丁樹生也不知道該怎么說,朝霍安瀾這個方向也看了好幾眼。
兩個人打的眉眼官司讓李桂花瞧見了,不知道她是想到了什么,臉上神色變了變。
霍安瀾剛想好措辭,就聽到眼前這個蒼老又瘦弱的女人語出驚人道:“你……是不是想讓小樹贅給你?”
丁樹生一張臉頓時漲得通紅,咬著牙道:“娘,你在說什么呀!”
什么叫做要讓他贅給霍安瀾?
“你別說話。”李桂花越想越覺得有道理,在丁樹生的手背上掐了一把,抬起頭看向霍安瀾,眼里滿是堅定,“這位女同志,要是樹生贅給你家,我不要求多高,能讓他有口飯吃就行。他這孩子聰明又善良,你要是信得過,可以讓他繼續讀書。他一定能出人頭地,好好報答你的……”
她一副臨終托孤的樣子,丁樹生猛地扭過臉,喉間發出一陣略微有些沙啞的低泣。
霍安瀾越發無奈,坐在床前,輕輕地握住了老人的手。
李桂花的手溫暖又干燥,卻因為得病的關系,摸上去略微有些浮腫。
“阿姨,我已經結婚了。”
李桂花不可置信地看了丁樹生一眼,臉上的表情頓時有些惶恐跟不好意思:“抱歉,我不知道是這個情況。小樹之前沒帶著女同志過來過,我還以為……我還以為你是……”
她舔了舔有些干裂的唇瓣,有些不好意思。
人家可是有丈夫的,她還說要讓丁樹生贅給人家,真的是……丟死個人了。
“沒關系。”霍安瀾笑了笑,溫柔道,“不過我也確實有事情想跟您商量……我希望能夠資助您未來吃藥檢查的費用。這樣的話,丁樹生同志能夠安心去讀書,您也能多陪伴他一些時日。”
她本來覺得這樣很正常,挑不出什么錯。
沒想到李桂花臉色變了又變,半晌才說道:“您……您是要讓他當小的?”
“娘!”丁樹生終于繃不住了。
她到底在說什么啊!
“不是不是。”意識到李桂花怎么都會想歪,霍安瀾實在有些無奈,“我有個朋友也想考大學,需要有人帶著她讀書識字。就當是我給丁樹生同志的家教費吧。
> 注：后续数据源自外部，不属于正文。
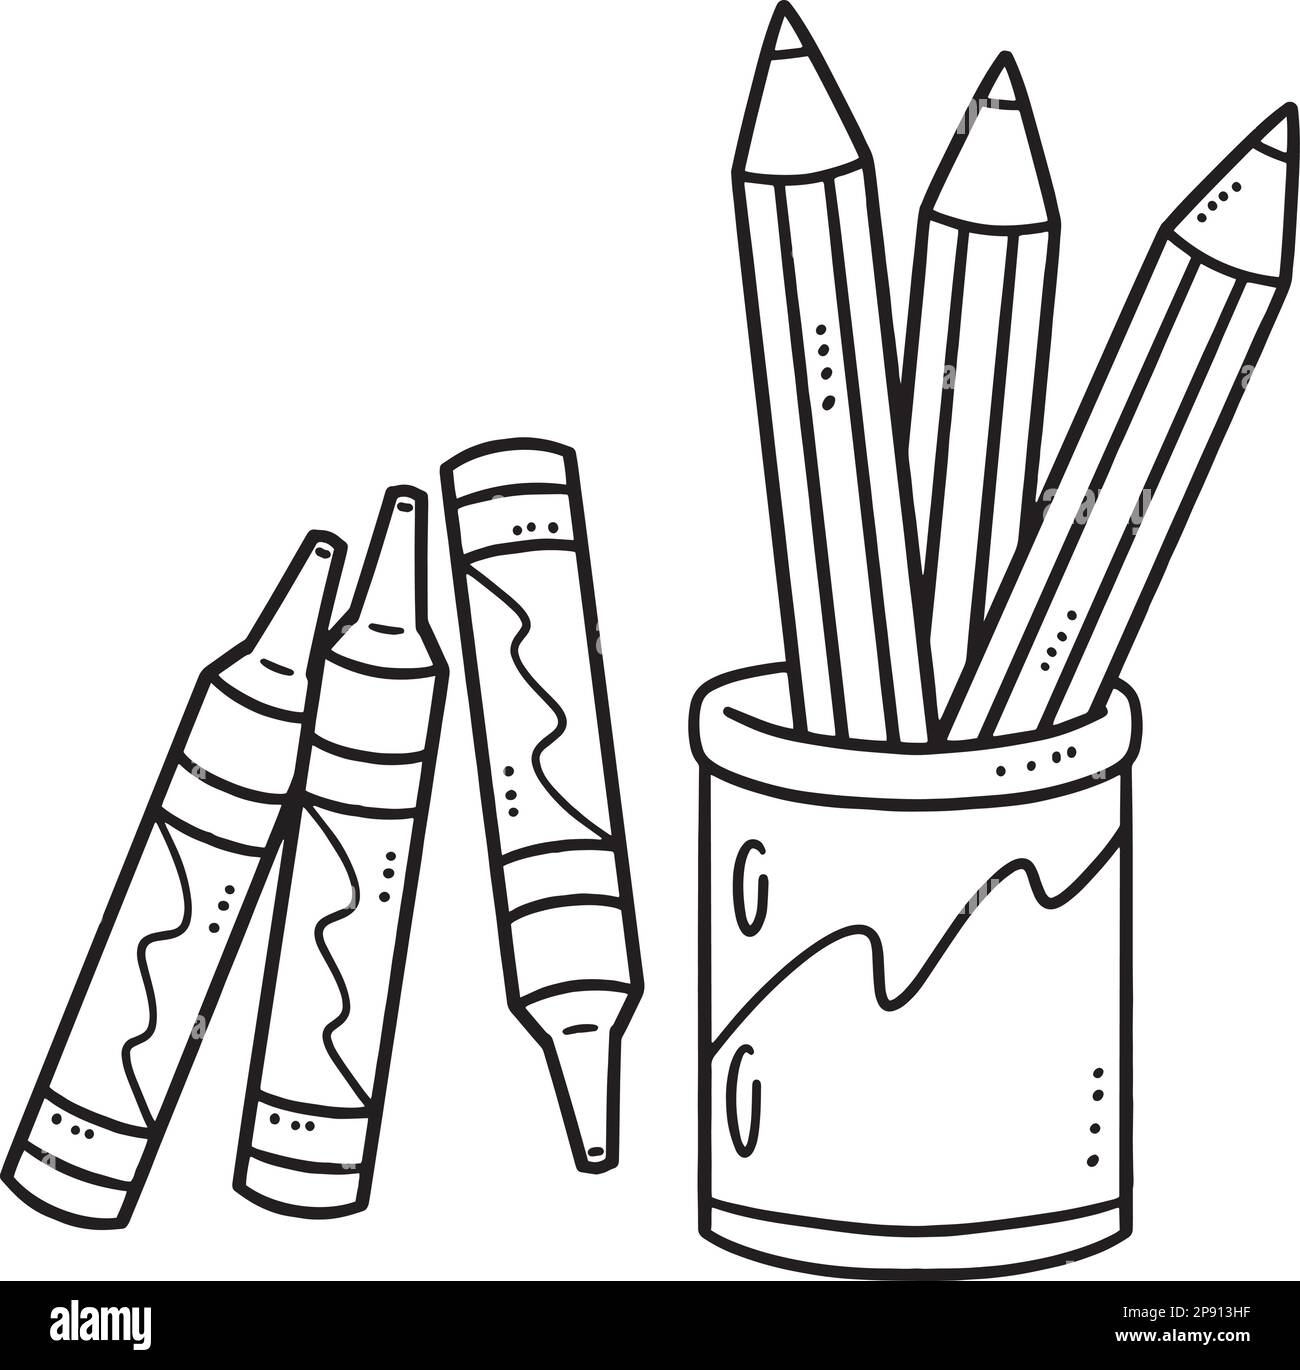 Risultati immagini per black marker drawings easy  Easy pen drawing,  Pencil drawings easy, Pen drawing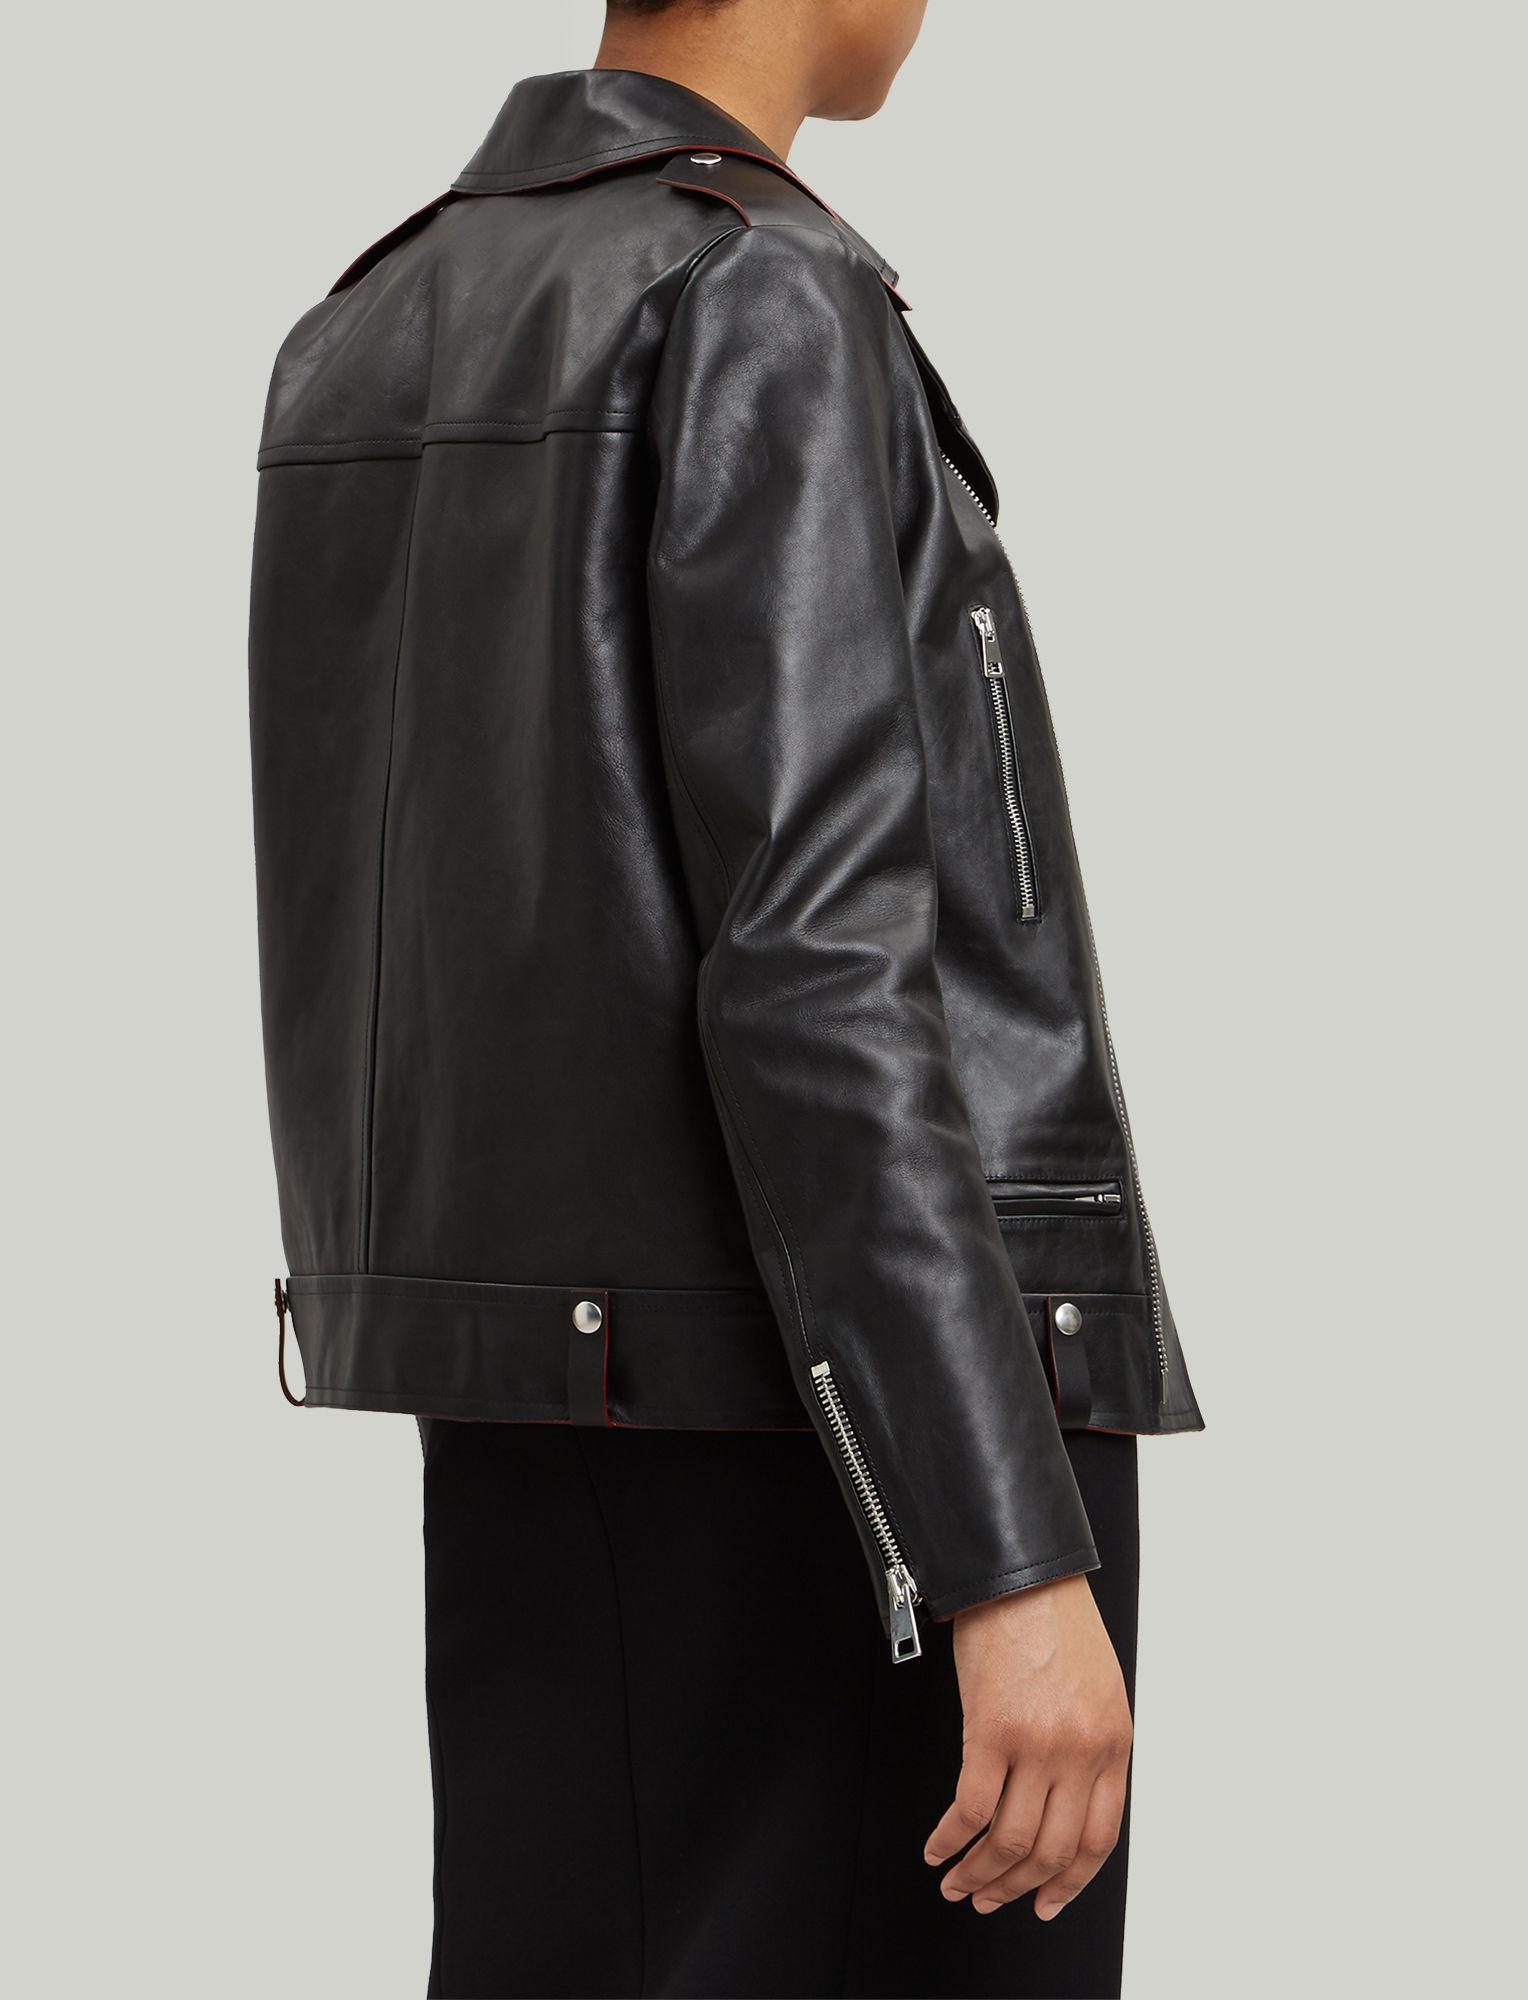 JOSEPH Ryder Biker Leather Jacket in Black - Lyst

”
李桂花聽不懂什么補課啊,家教什么的。
但她知道,霍安瀾是看上了丁樹生讀書的本事,是給他開工資的,不是讓他去當小的。
李桂花長長地松了一口氣。
她兒子啥樣她心里門清,丁樹生胳膊上沒有三兩肉,真去給人當小,人家打他他都跑不走。
不是給人當小的就行。
丁樹生送霍安瀾出門,臉上甚至還帶著幾分淡淡的,丟了大人的死意:“抱歉啊霍老板,我娘這個人……早年在村子里見了太多事,想法有點奇怪。你別……跟她一般見識。”
霍安瀾笑著搖搖頭:“阿姨很愛你。”
在這種男人面子比天大的時代背景下,李桂花能說出那種話,其實也很能證明她對丁樹生的愛。
就是真說出來有點奇怪罷了。
“你現在學籍是在哪兒,想轉到市區這邊方便嗎?”霍安瀾問了句。
“在鄉下,方便。”丁樹生道。
他剛才跟霍安瀾已經商量過了,霍安瀾會借給他一筆錢,在市區租間小房子,讓李桂花暫時在里面住著,平時給她做點飯,或者看看鎮上有沒有什么她能干的雜活。
他在市區的高中上課,這樣方便李桂花進行檢查,他還能替霍安瀾教春妮一些文化課內容。
“行,那等你辦好這件事,去安心裁縫鋪說一聲就行。”霍安瀾道。
她這……也算是給春妮投資了個家庭教師吧。"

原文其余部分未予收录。